Sure its been asked...

How do I get the side mirrors to fold when I park my car?

I checked the manual and it doesn't seem to be any help, it points me to a feature on the side mirror control knob that I dont have.

I have the Canadian S3 Technik with convenience package.

Thanks!


----------



## RyanA3 (May 11, 2005)

CHECK MENU for vehicle controls
or try putting the mirror knob in the fold spot, so they fold automatically for you
mine works. but I can't recall if it's because of my knob setting, or the menu setting
good luck
if all else fails get out the dreaded manual.


----------



## embrauer (Mar 26, 2013)

Canadian cars don't have power folding mirrors on any trim. An annoying omission for whatever reason.


----------



## ndkkdn (Nov 19, 2014)

That is... My God there are no words for how frustrating that is. Any way to vag-com that function on Canadian models?


----------



## misaka (Feb 8, 2013)

embrauer said:


> Canadian cars don't have power folding mirrors on any trim. An annoying omission for whatever reason.
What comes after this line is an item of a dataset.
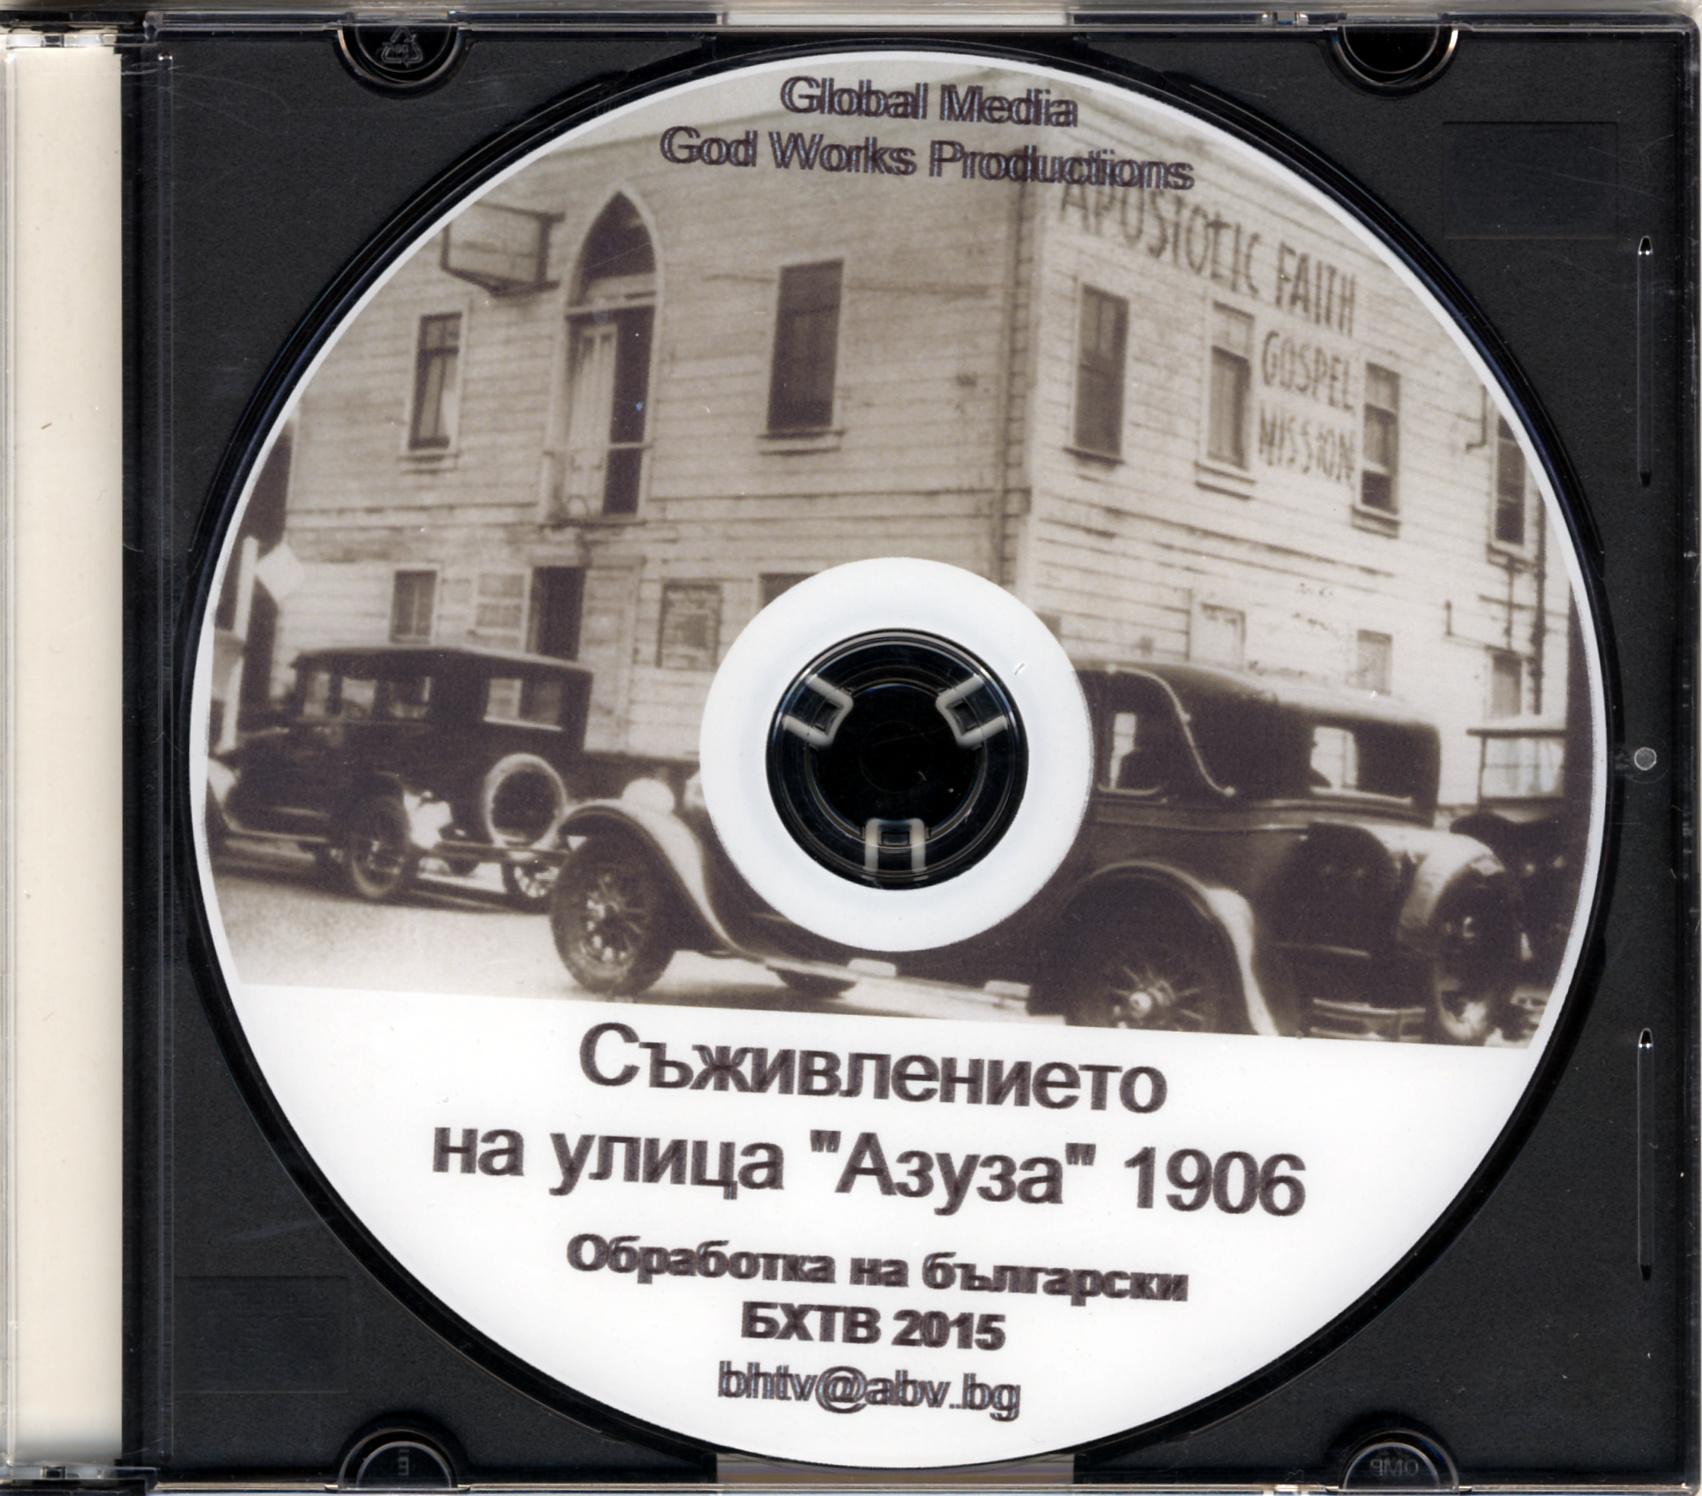 """Съживлението на улица """"Азуза"""" 1906"""

It's as baffling as the no fog lights on any american car on any trim lol.


----------



## gamegenie (Aug 24, 2014)

misaka said:


> It's as baffling as the no fog lights on any american car on any trim lol.


ugh-hmm don't forget Auto stop-start, Park Assist 










and Hold-Assist


----------



## FLtrooper (Jul 16, 2012)

Can the likes of Folding Mirrors, Drive Select, and fog lights be retrofitted?


----------



## twenzel (Jan 20, 2011)

FLtrooper said:


> Can the likes of Folding Mirrors, Drive Select, and fog lights be retrofitted?


Mirrors can be retrofitted. You would need the door controllers and mirrors from a car that came with folding. I did this on my MK6 Golf R. Pretty easy swap and coding.


----------



## trueunion (Apr 15, 2008)

I love my folding mirrors in my tight garage is awesome!!


----------



## FLtrooper (Jul 16, 2012)

Anyone have part numbers for the folding Mirrors?


----------



## KingoftheWok (Jul 30, 2014)

FLtrooper said:


> Anyone have part numbers for the folding Mirrors?


http://europrice.us/folding-mirror-package-a3-s3

There you go.


----------



## ndkkdn (Nov 19, 2014)

Pretty sure it'll void my lease if I installed those... just really frustrated that they wouldn't include this feature in Canadian models.


----------